- [WORK REQUIRED]
Beginning with the line that holds "KLON AUTOMATIC WATCH", copy every remaining line of the listing below exactly, and leave the pictures out.

- [COLLECTED MATERIAL]
□ □ □ □
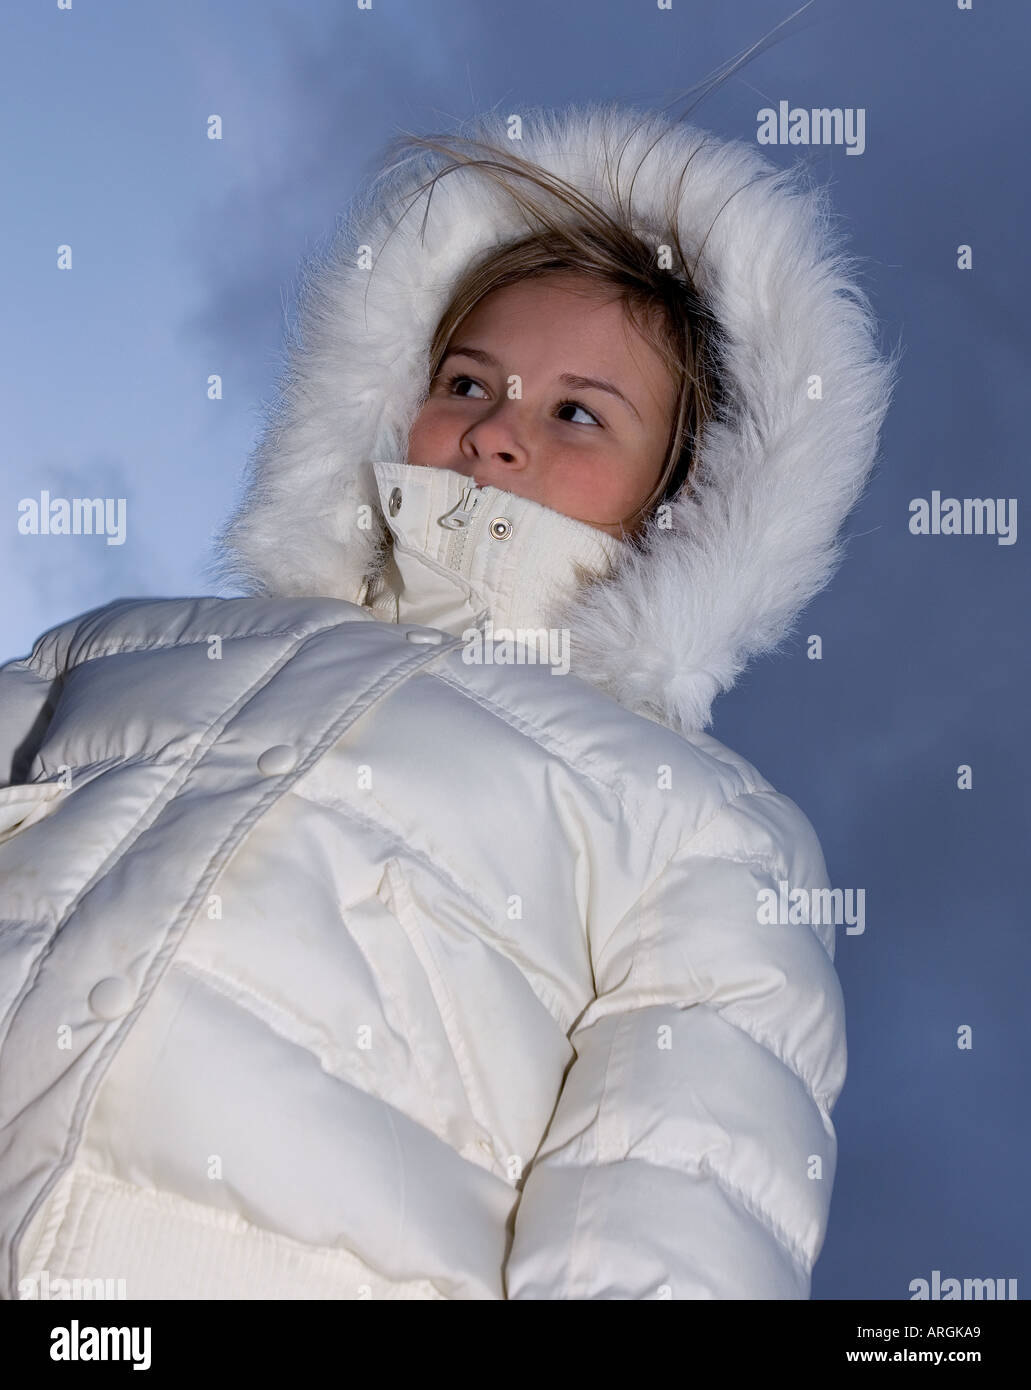 Buy > girls winter coat with hood > in stock
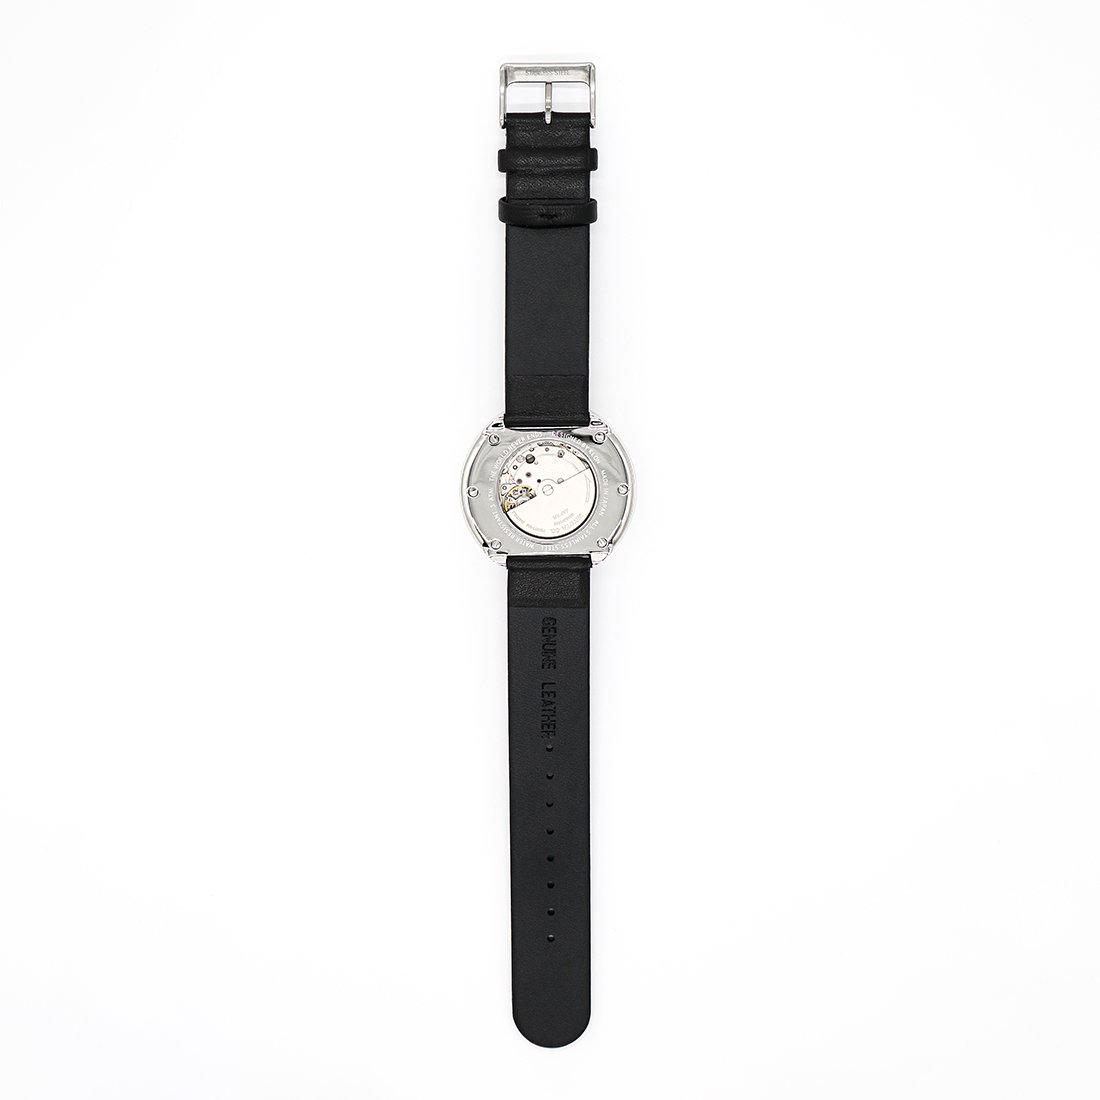 KLON AUTOMATIC WATCH BLACK LEATHER -STANDARD- 43mm カジュアル 腕時計
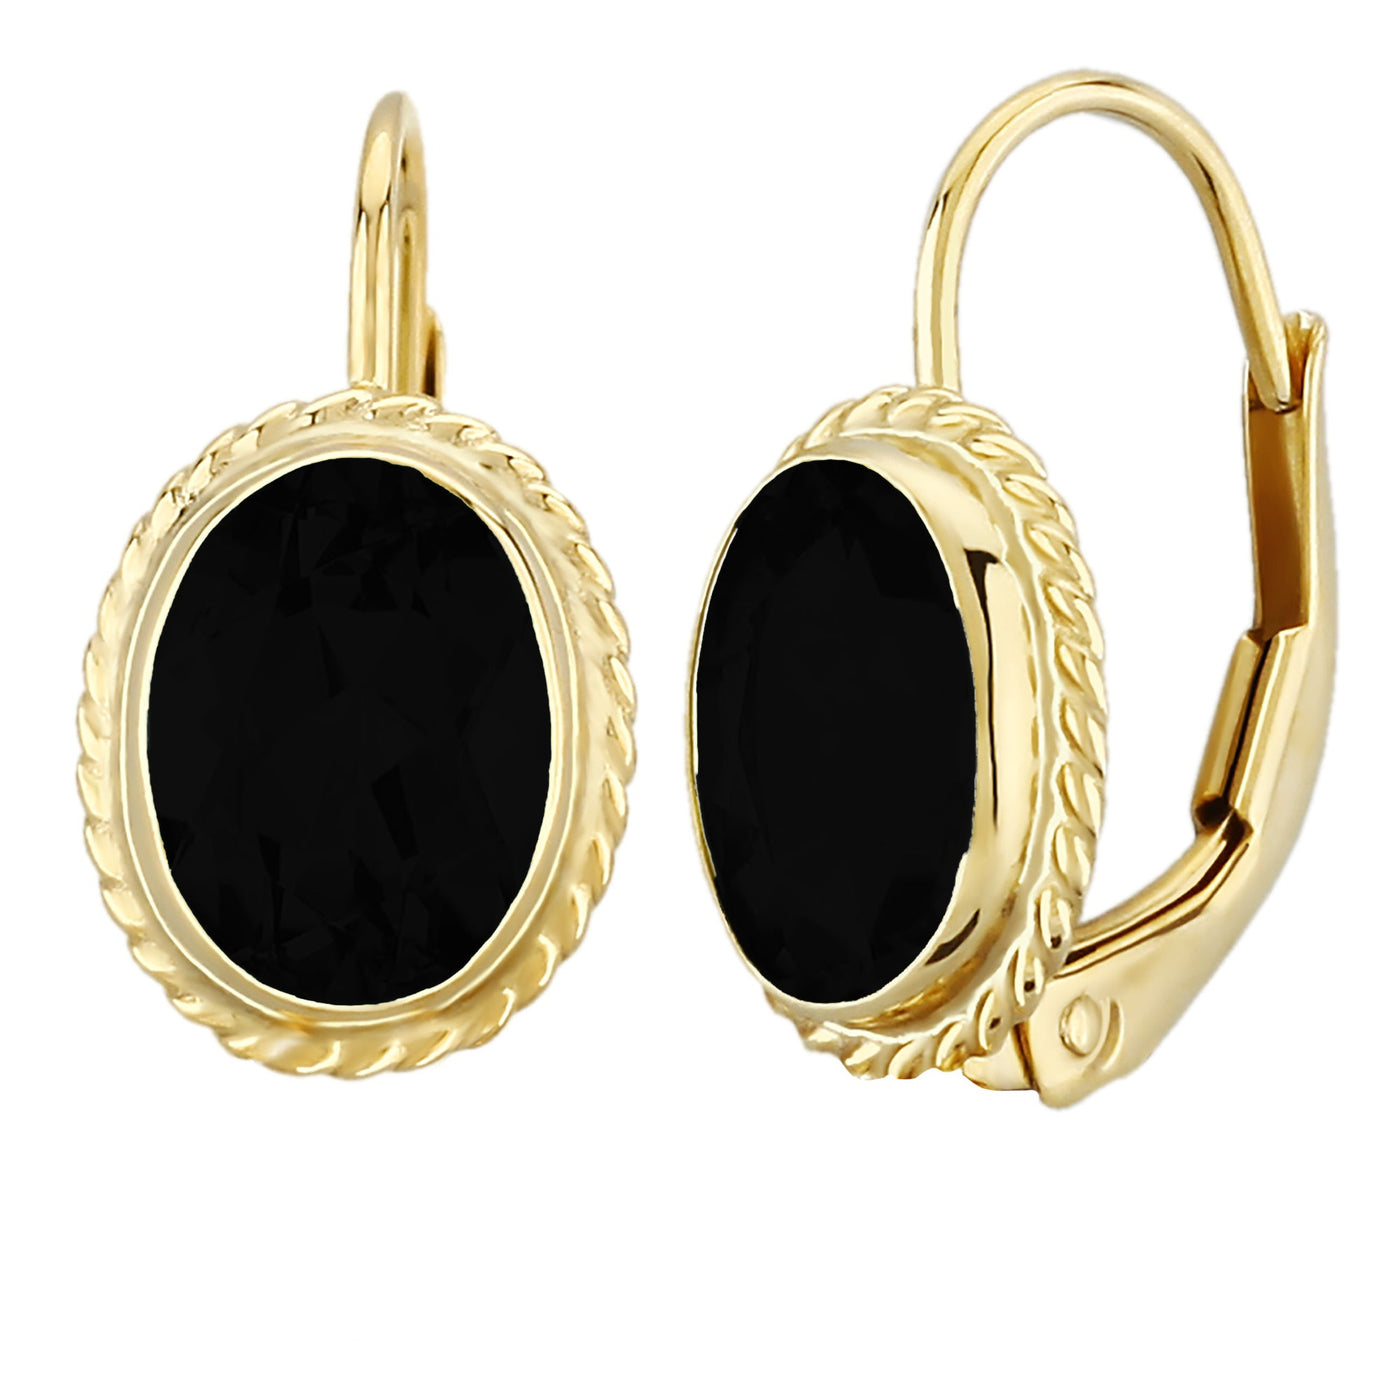 Black Onyz Oval Lever Back Earrings
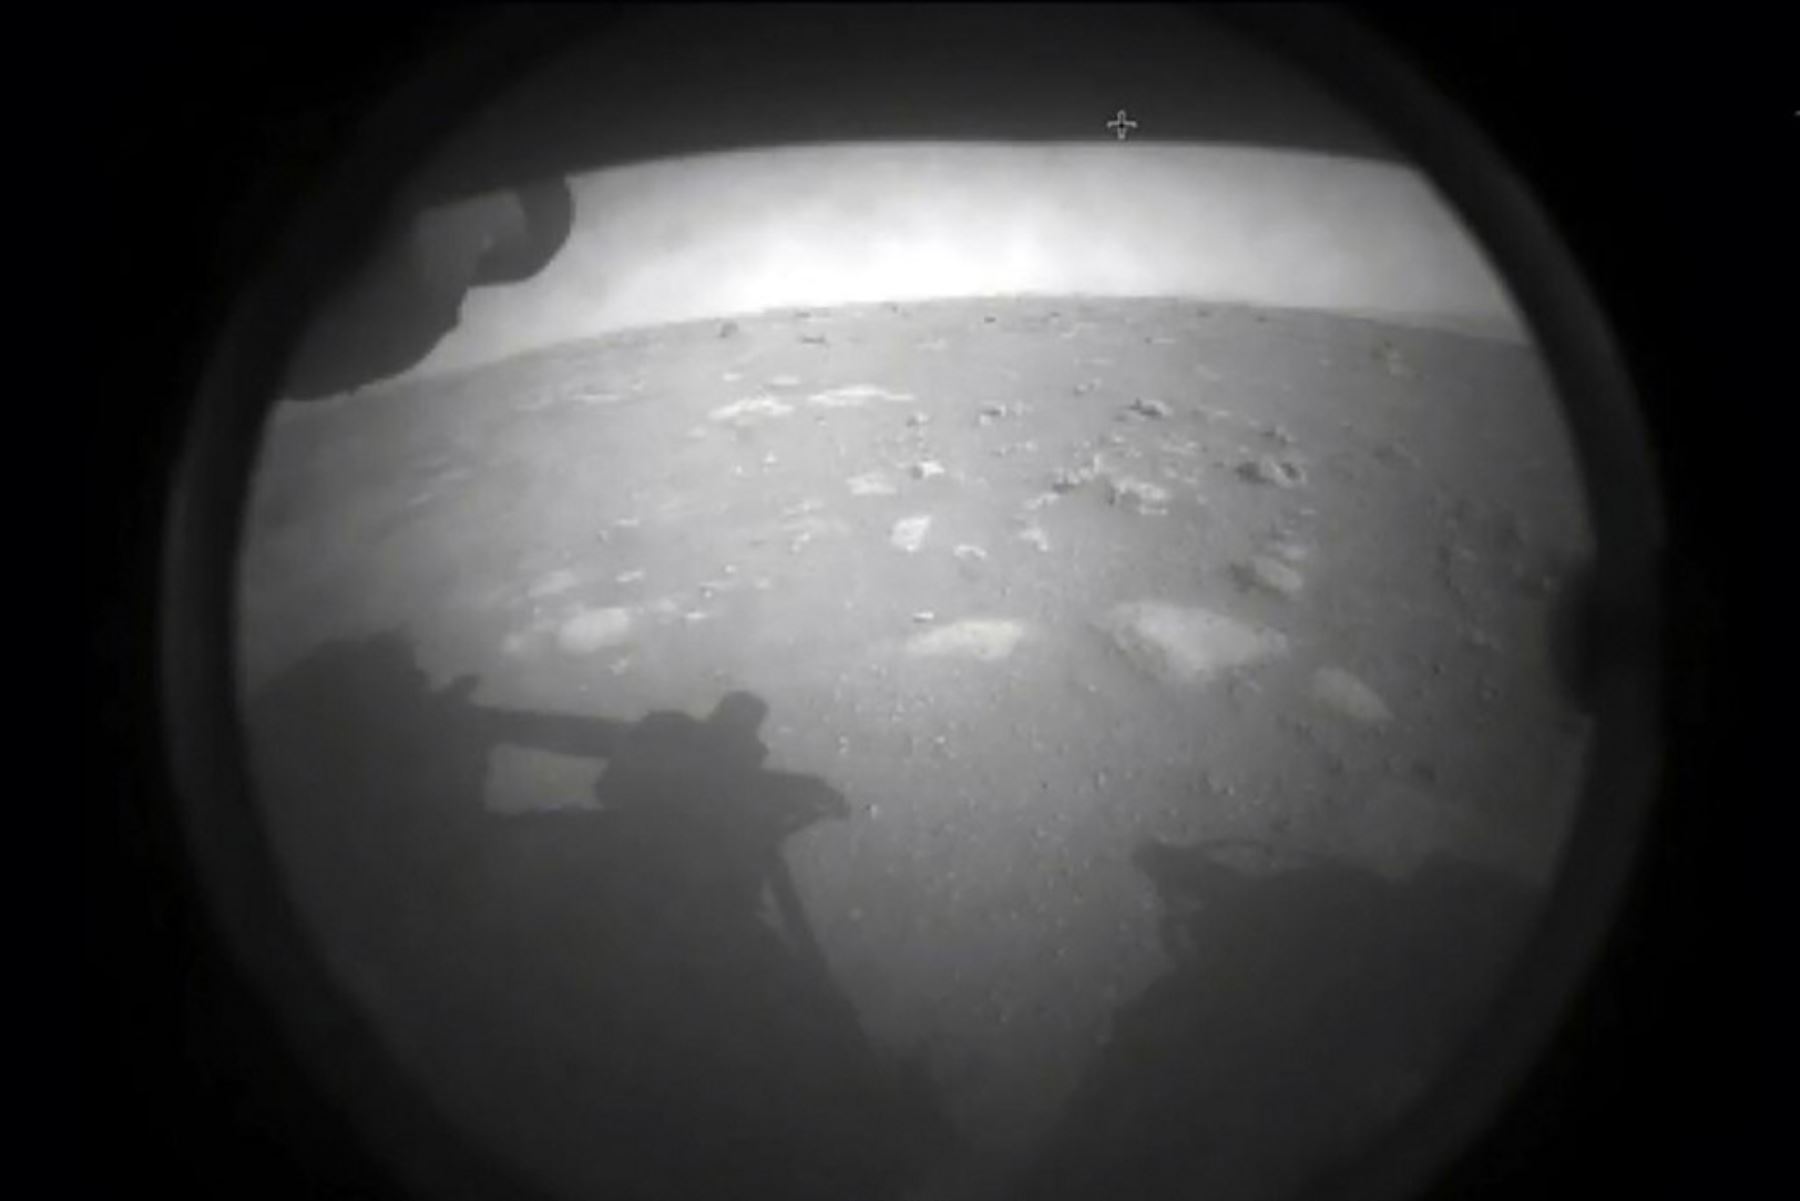 Primera imagen de Marte tomada por el rover Perseverance tras aterrizar en la superficie de Marte el 18 de febrero de 2021. La NASA confirmó la hazaña después de superar con éxito una fase de aterrizaje peligrosa conocida como los "siete minutos de terror". "Aterrizaje confirmado", dijo el líder de operaciones Swati Mohan alrededor de las 3:55 pm hora del este (2055 GMT). Foto: Handout / NASA / AFP
□ □ □ □
- [RESPONSE AREA]
 KLON AUTOMATIC WATCH BLACK LEATHER -STANDARD- 43mm カジュアル 腕時計
 Black Onyz Oval Lever Back Earrings
 Primera imagen de Marte tomada por el rover Perseverance tras aterrizar en la superficie de Marte el 18 de febrero de 2021. La NASA confirmó la hazaña después de superar con éxito una fase de aterrizaje peligrosa conocida como los "siete minutos de terror". "Aterrizaje confirmado", dijo el líder de operaciones Swati Mohan alrededor de las 3:55 pm hora del este (2055 GMT). Foto: Handout / NASA / AFP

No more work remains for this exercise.